The point is, you will need very robust systems in place to ensure the person using the login is the intended user. Even with eQMS systems, once you are logged in, you must enter your password each and every time an approval (or rejection) action is taken. Will your system have the same capabilities? The burden will be on your system to prove that the approval cannot be misused by potentially bad actors.

 

[LUFAN]

but we want to stay away from a paper-based QMS

Are you planning to implement an eQMS system? Does it have a Doc Control module? It sounds like you don't want to perform validation, is that the problem?

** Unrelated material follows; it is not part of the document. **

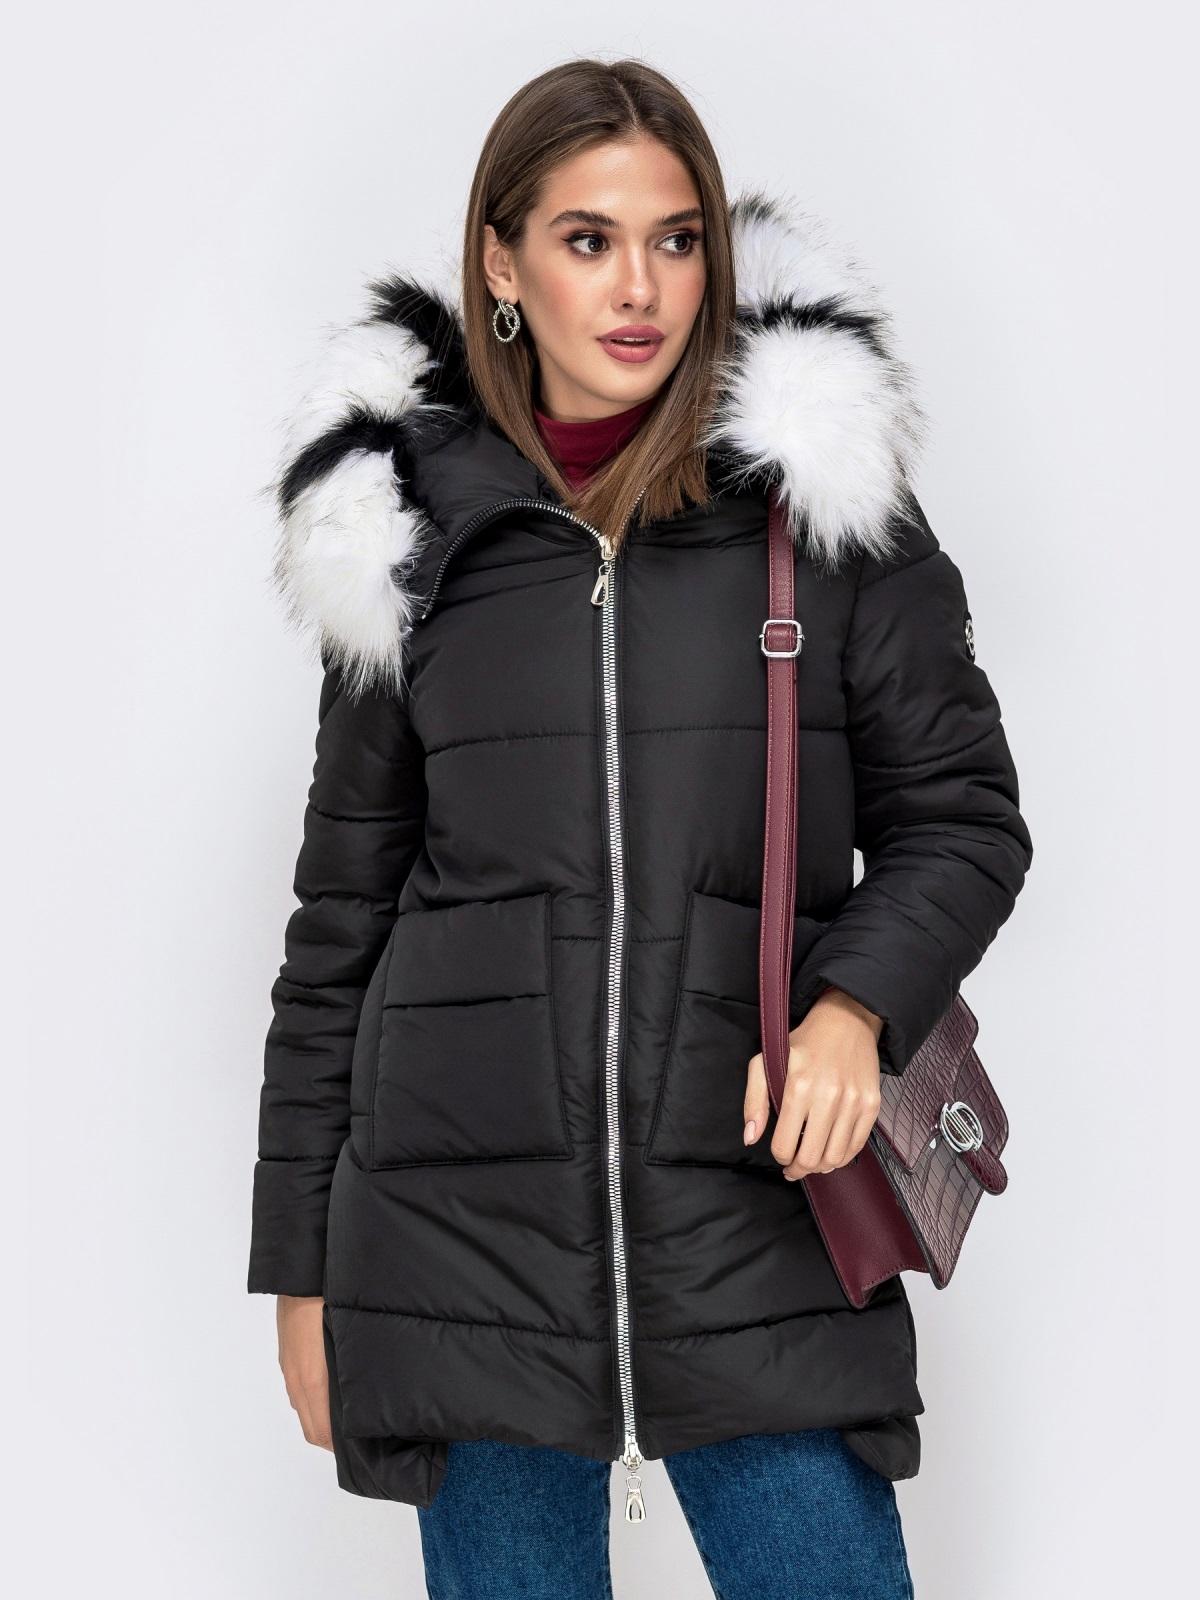 Зимняя куртка с удлиненной спинкой и капюшоном чёрная - 41519, фото 1 – интернет-магазин Dressa
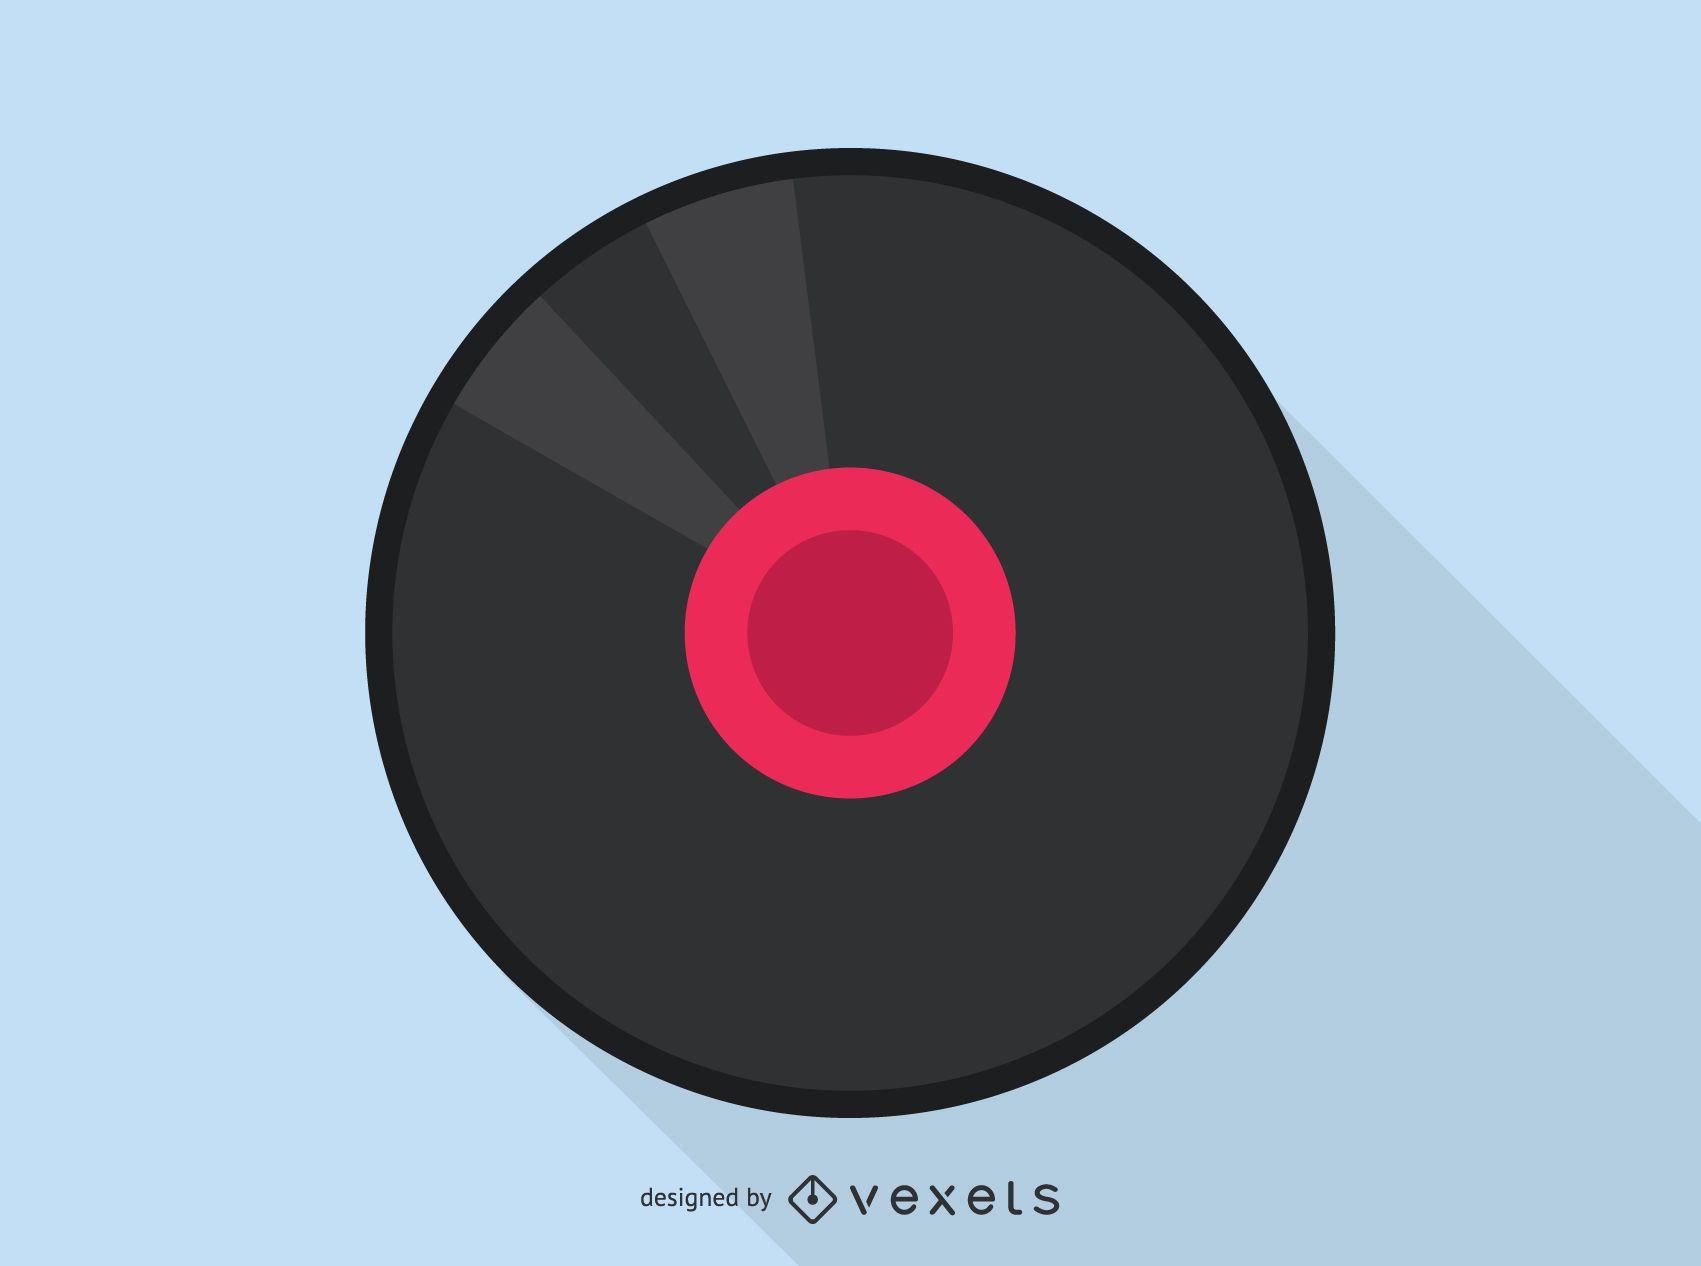 Vinyl record audio icon

There's nothing wrong with paper approvals. Get your approvals signed, scanned, and write your record retention policy in a way that allows you to not need to keep your original so long as the record is legible and you have verifiable backups in place. It's pretty unlikely unless you a fortune 500 company that you're going to be entirely paperless with all the ERPs, MRPs, eQMS systems integrated that you'd never have a hand written signature somewhere along the way.

My comments apply to everything that requires an approval. There's a data integrity issue without using signatures in ensuring that the person who is designated as the person that can approve XYZ proces is in fact approving that process. Their signature, is that attestation.